Like everything else with the F-35, “time and experience” will reveal the potential advantages and limitations of the aircraft, he said.

The dichotomy within IAF on the new aircraft is a conflict between efficiency and operational capability, the former necessarily detracting from the reality of the latter. The longer you test, the longer it takes to bring an aircraft to operational status.

Nine F-35Is are expected to reach initial operational capability in 2017, according to Brig. Gen. Tal Kelman, IAF’s chief of staff, which will make Israel the first country outside the US to have operational F-35s.

“The level of uncertainty is very high,” Segoli said. “It’s very difficult to understand the real potential of this system.”

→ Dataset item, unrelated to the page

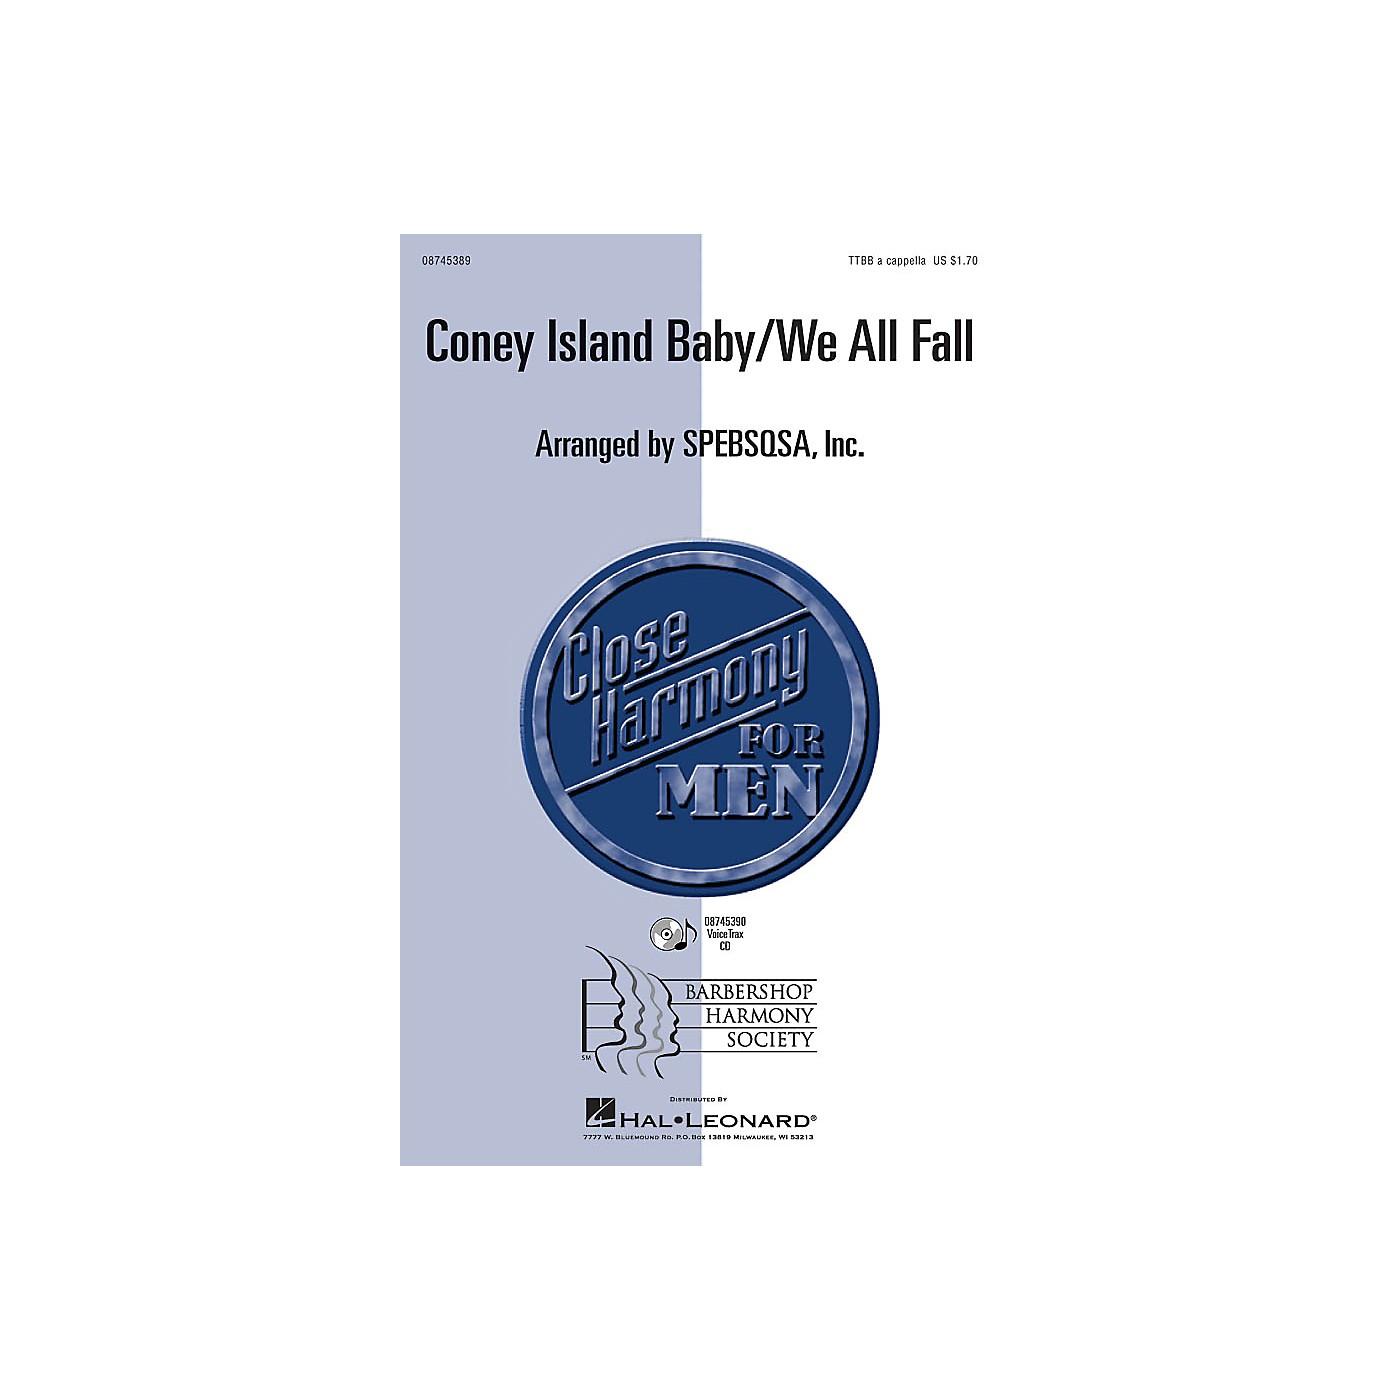 Hal Leonard Coney Island Baby/We All Fall TTBB A Cappella arranged by SPEBSQSA, Inc. thumbnail
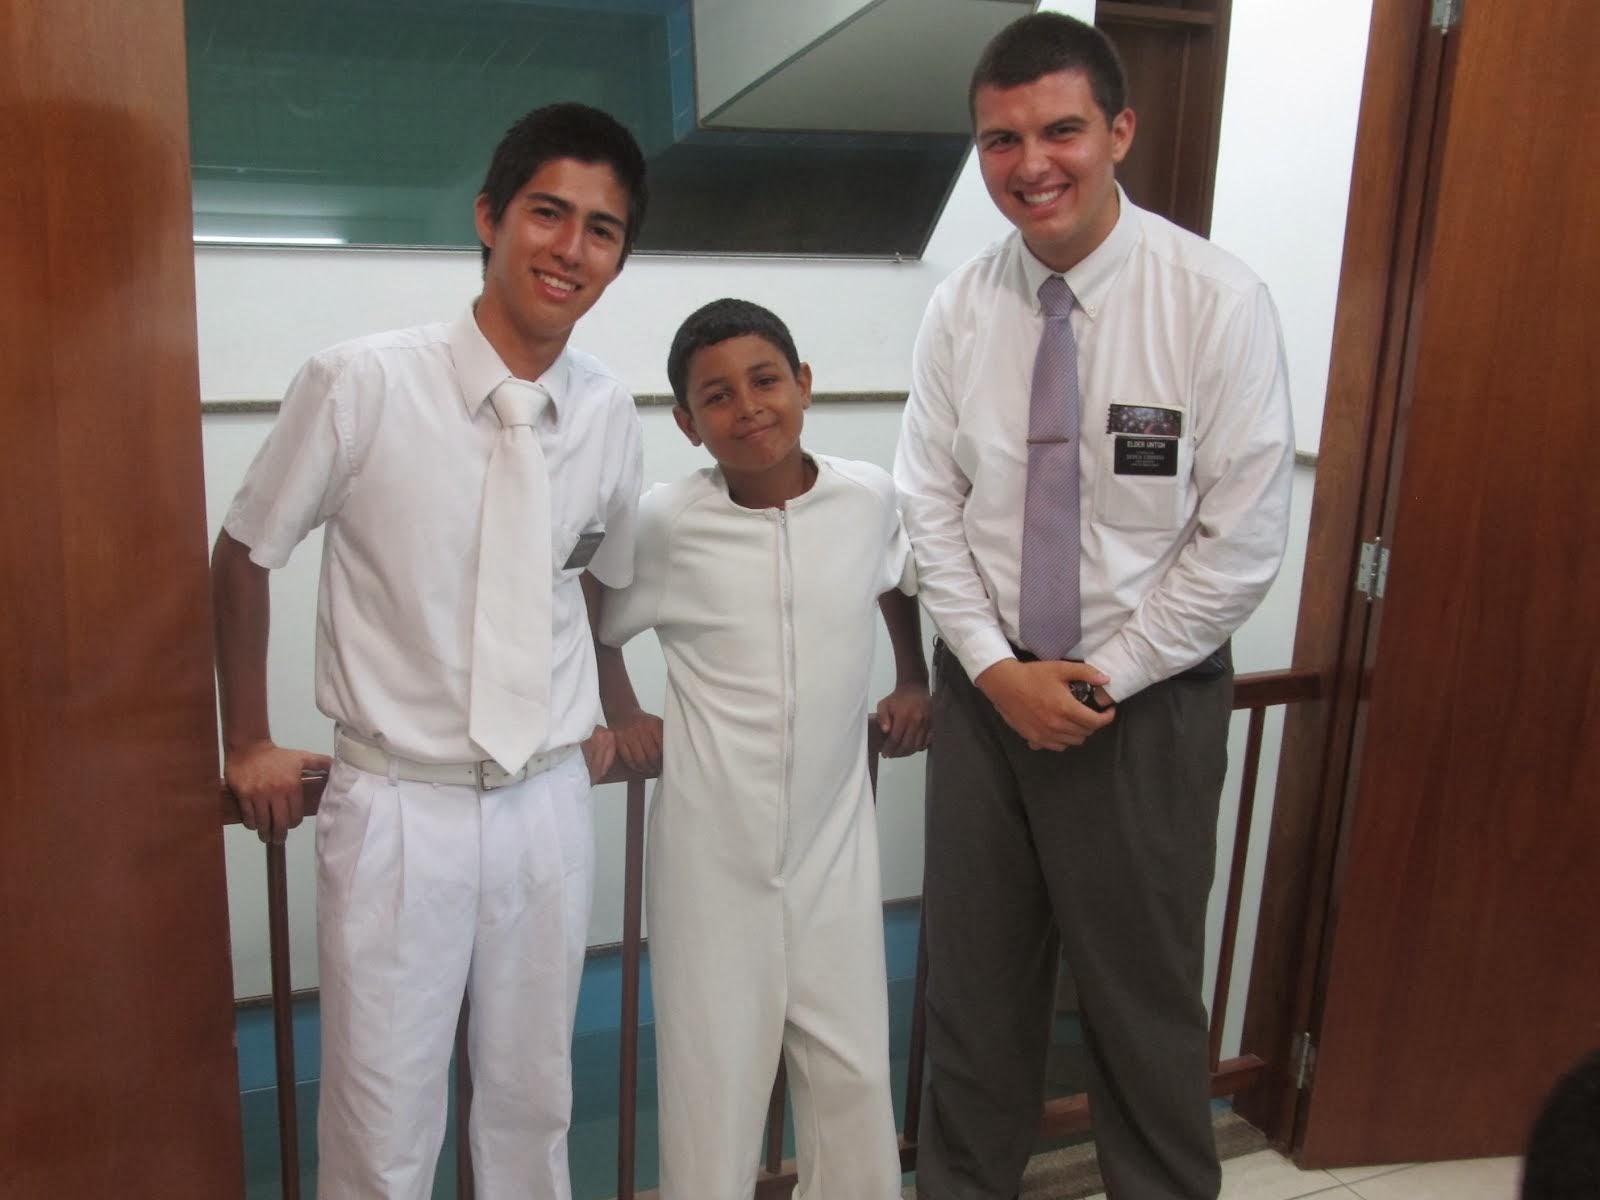 BAPTISM -- Oct. 16, 2013

The amount of information the F-35 is designed to gather and disseminate to the rest of IAF and IDF may also change the way IAF operates within the IDF. “In my opinion, the air force has a very unique part in any campaign planning,” said Segoli.

“It was not done and it is not done,” he told Air Force Magazine in a January interview, referring to IAF’s role in holistically advising on military campaigns. “The air force must understand [the F-35] is not just there to improve one, two, or three capabilities.”

While the F-35 can allow IAF to penetrate threats now being developed, Segoli emphasized he sees no current threats the F-35 is capable of attacking alone. Rather, he emphasized the role of the aircraft in deterring those rising threats. If Iran is considering rolling out nuclear capabilities, the F-35’s ability to fly past the country’s surface-to-air defense system may affect such plans.

THE COST QUESTION

US President Donald Trump implied in a December 2016 tweet he may reduce the number of US F-35 purchases, and if that happens, Segoli explained, the value of the F-35 will be further scrutinized in Israel.

“If you sell less, there will be an effect on the price,” Segoli said. If cost increases, this might become a problem. Some Israeli experts are already questioning the purchase, not seeing an immediate need for the deep capabilities of the F-35 when considering asymmetric opponents like Hamas and Hezbollah.

Lockheed Martin plans to bring down the cost of the F-35 to around $85 million per unit by 2019. If that happens, Israel may save $435 million on 29 F-35s.

“Before [an F-35I] even shoots a missile or drops a bomb,” Deptula said, the F-35 program is bringing nations together. This he termed “the greatest strategic value of the F-35.”

Many countries operating common equipment such as the F-35 “engenders common defense strategies” that then encourage those nations to partner and work closer together, Deptula noted. He called this an “enormous value” and an intangible—but said that if he had to think of it in dollars, it’d be in the trillions.

Still, at nearly $100 million a pop, the $5 billion price tag for 50 aircraft is a sticking point for many Israeli civilians. The populace is aware that the agreements in place to allow Israel to perform its own maintenance on the aircraft will raise Israeli sustainment costs.

It may be years before the F-35 program settles into enough of a routine for today’s questions about unit costs and planned inventories to be resolved. But whatever quantities and capabilities the F-35 ends up offering later, within the IAF there is considerable agreement that it’ll be “adir.”